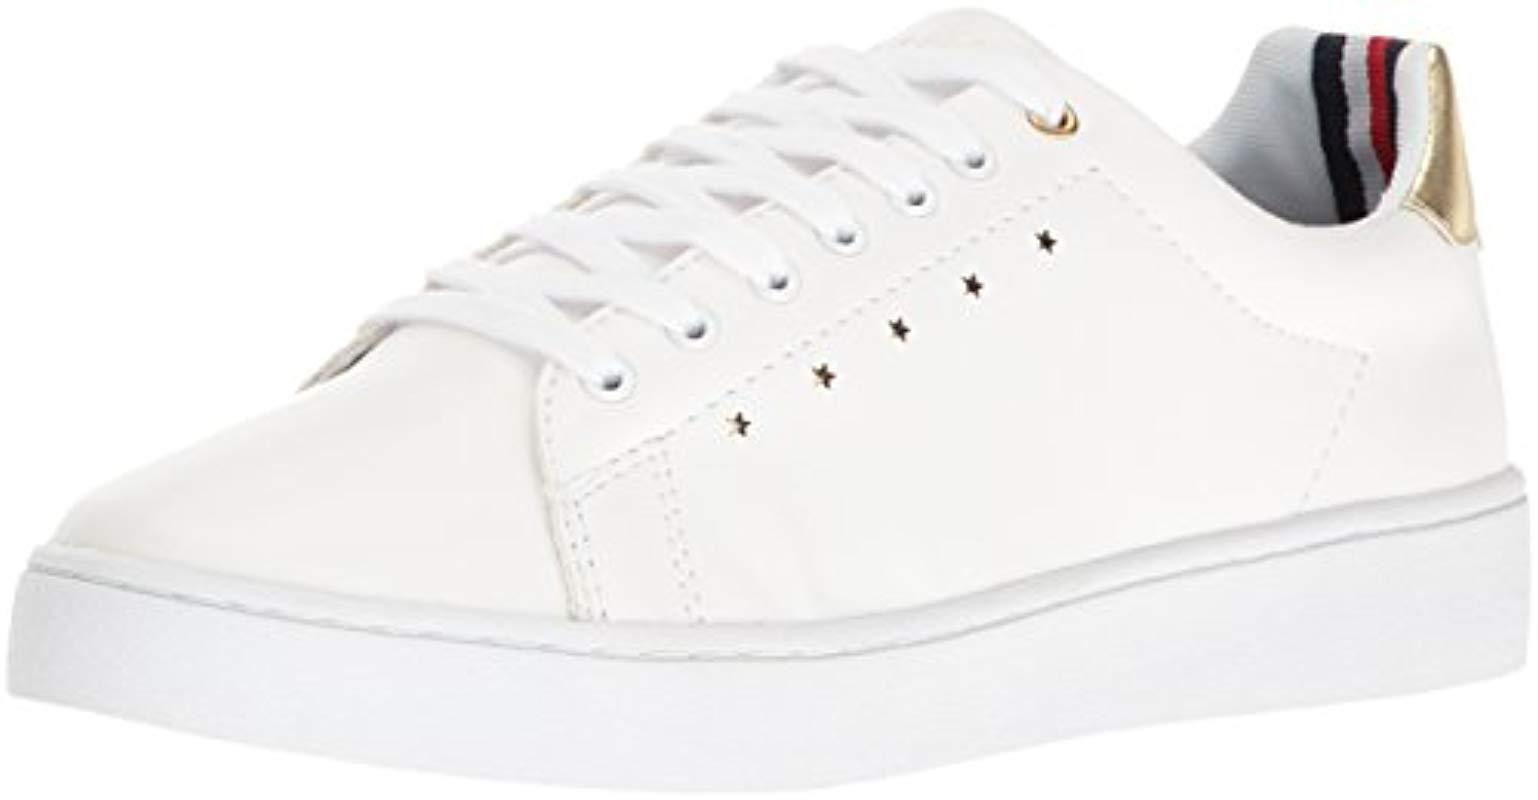 bf756bc67 Tommy Hilfiger. Women's White Sassa Sneaker. $59 $40 From Amazon Prime
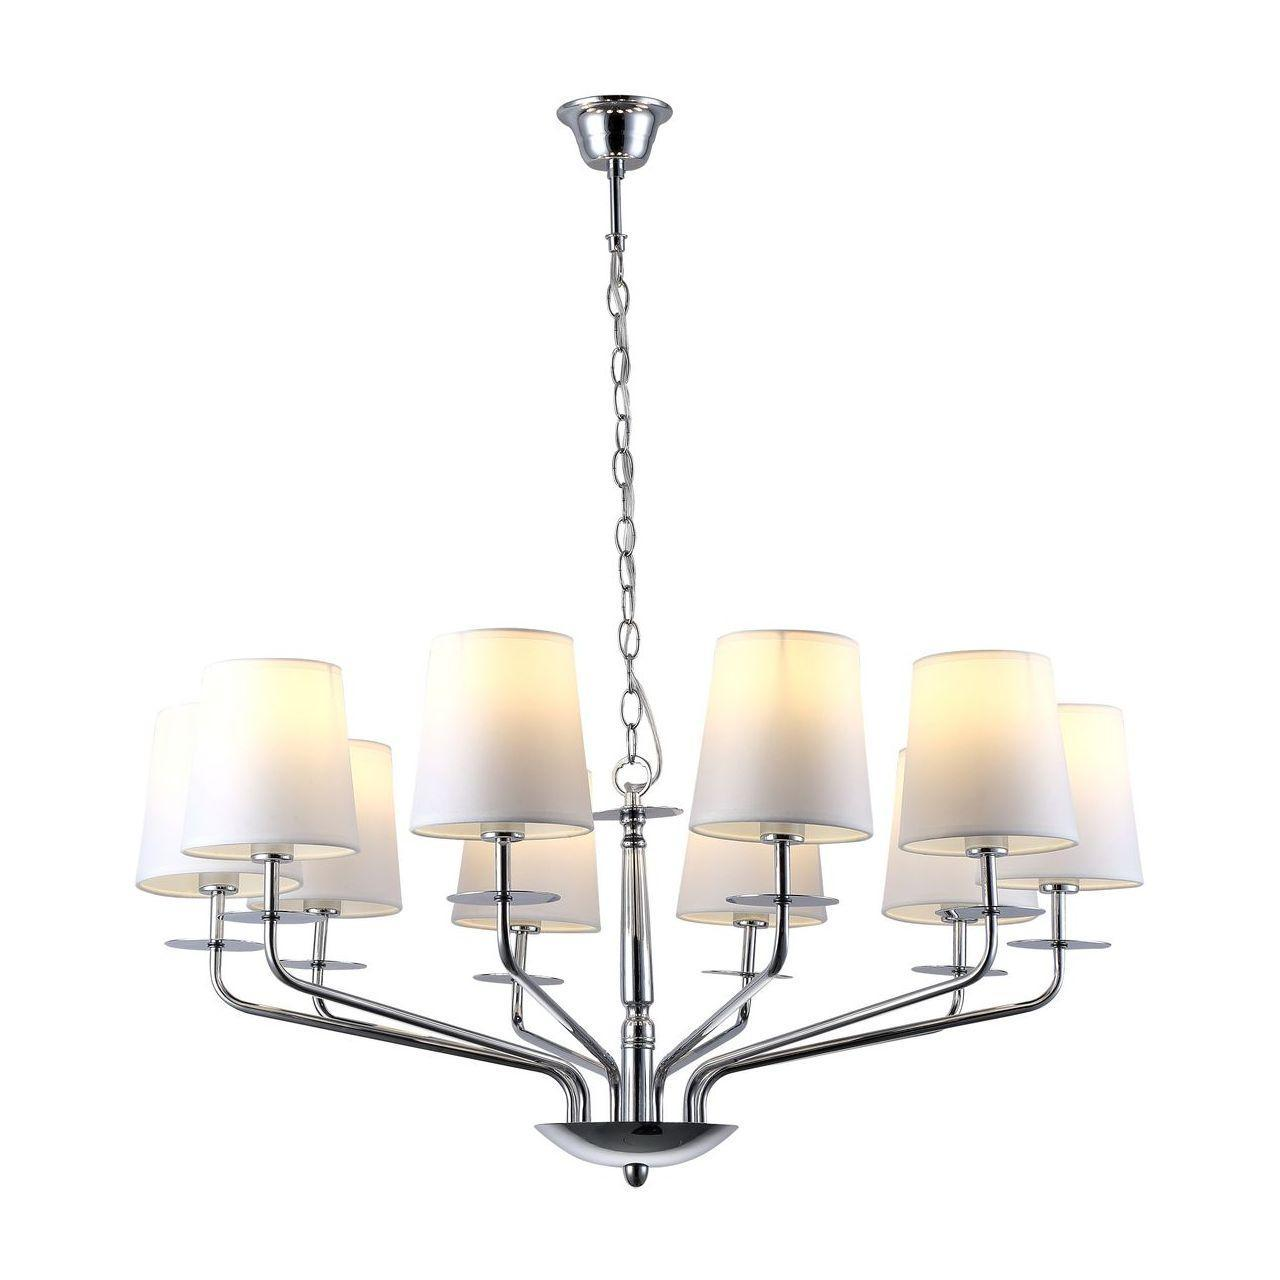 Люстра Arte Lamp A1048LM-10CC подвесная arte lamp люстра на штанге arte lamp palla a9162lm 10cc
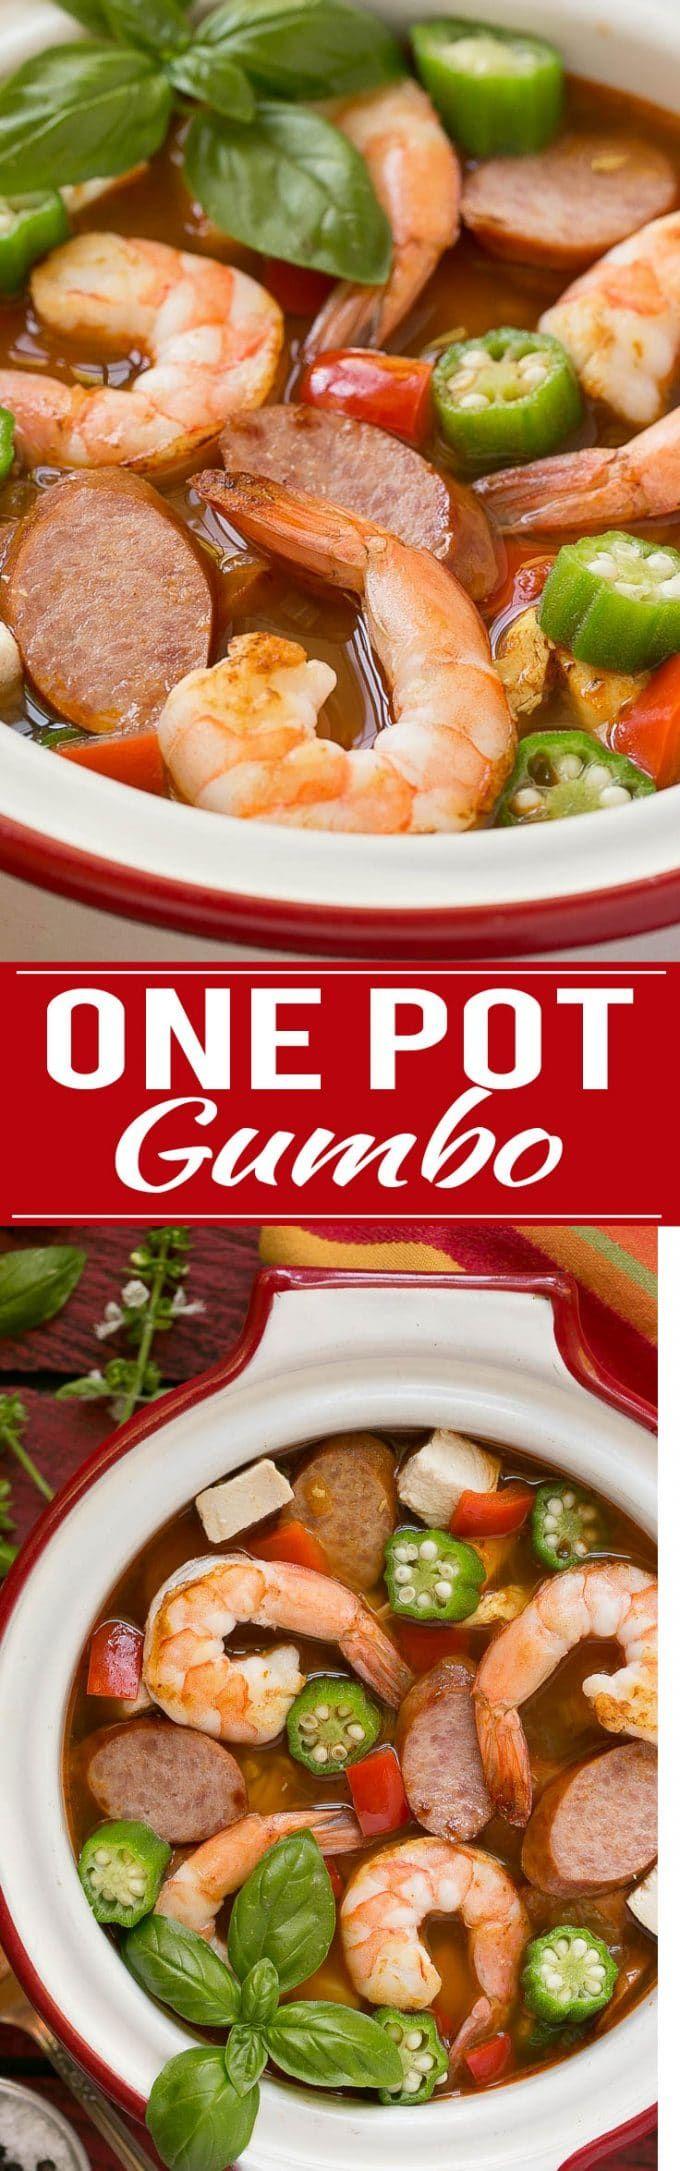 One Pot Chicken and Shrimp Gumbo Recipe | Easy Chicken and Shrimp Gumbo | One Pot Chicken and Shrimp Gumbo | Best Chicken and Shrimp Gumbo | Best Chicken and Shrimp Gumbo | Best One Pot Gumbo | Easy One Pot Gumbo
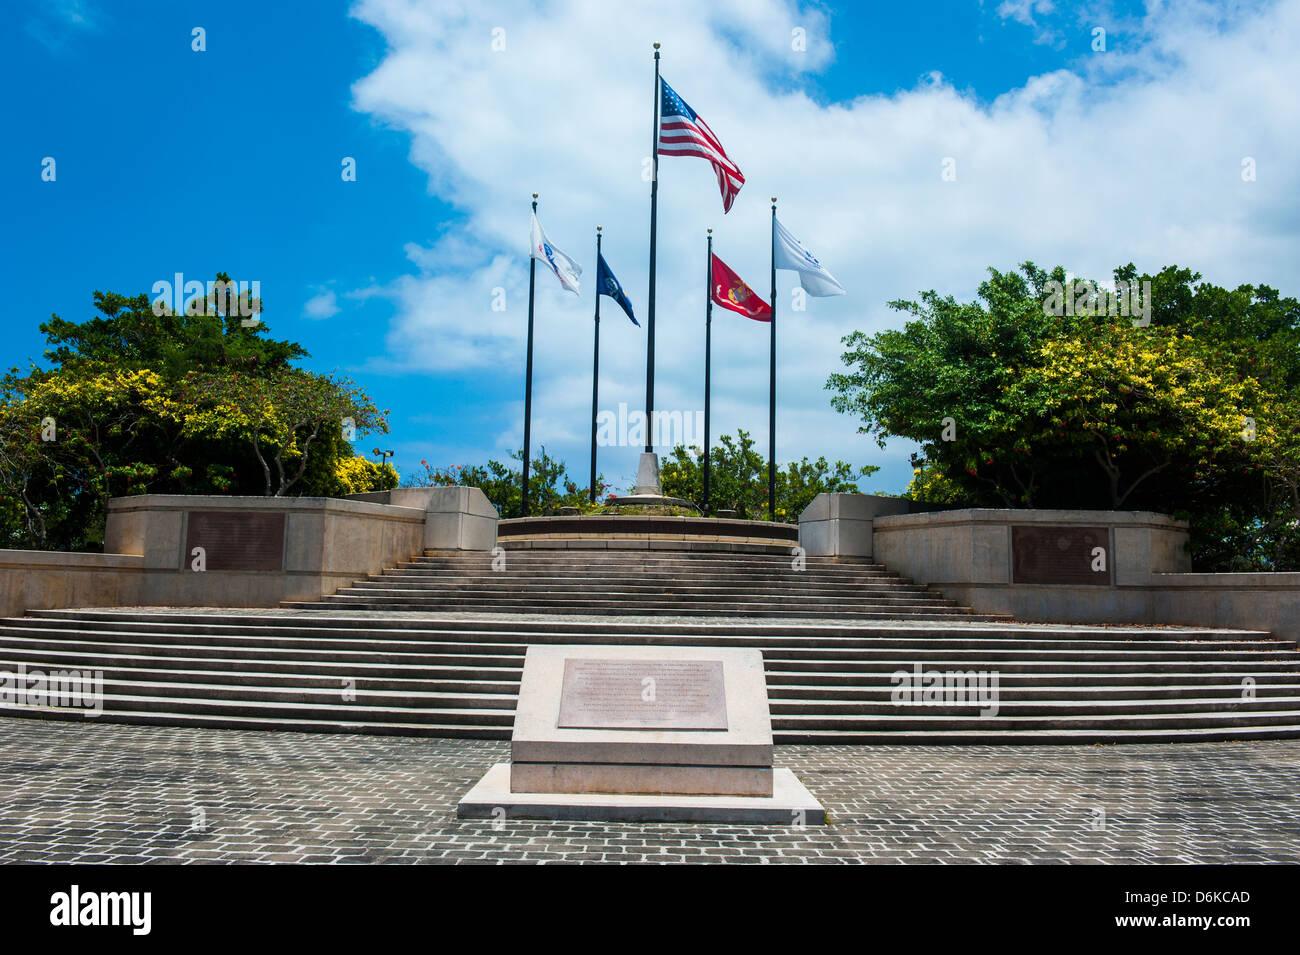 American Memorial Park, Saipan, Northern Marianas, Central Pacific, Pacific - Stock Image
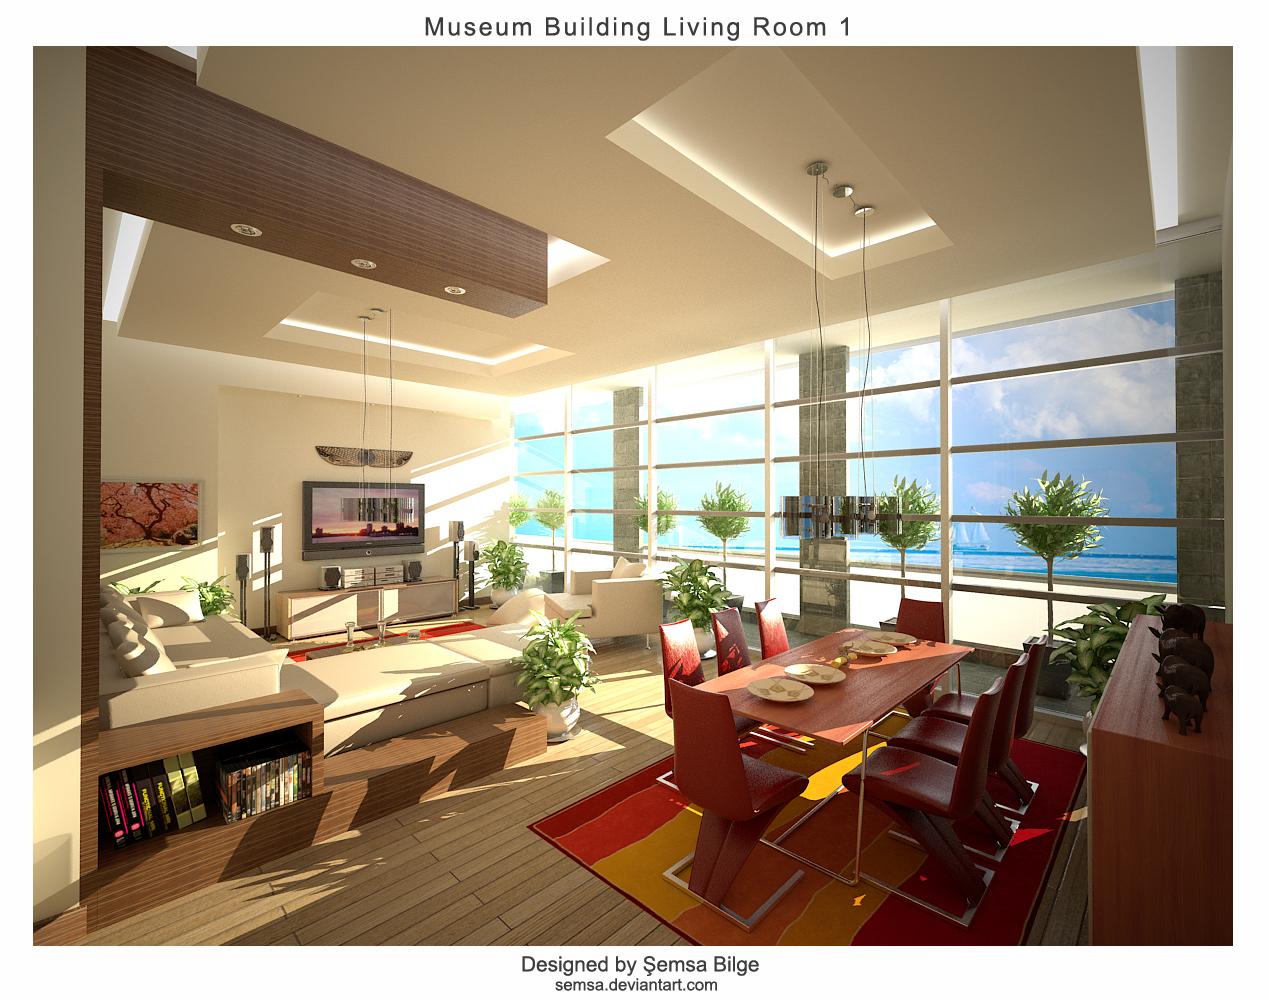 M.Build.Living Room 1 by Semsa

###

__YOUR TASK__. Print all the records again exactly; do not include any picture.

__ANSWER TO THIS EXERCISE__.
 bf756bc67 Tommy Hilfiger. Women's White Sassa Sneaker. $59 $40 From Amazon Prime
 Люстра Arte Lamp A1048LM-10CC подвесная arte lamp люстра на штанге arte lamp palla a9162lm 10cc
 One Pot Chicken and Shrimp Gumbo Recipe | Easy Chicken and Shrimp Gumbo | One Pot Chicken and Shrimp Gumbo | Best Chicken and Shrimp Gumbo | Best Chicken and Shrimp Gumbo | Best One Pot Gumbo | Easy One Pot Gumbo
 American Memorial Park, Saipan, Northern Marianas, Central Pacific, Pacific - Stock Image
 M.Build.Living Room 1 by Semsa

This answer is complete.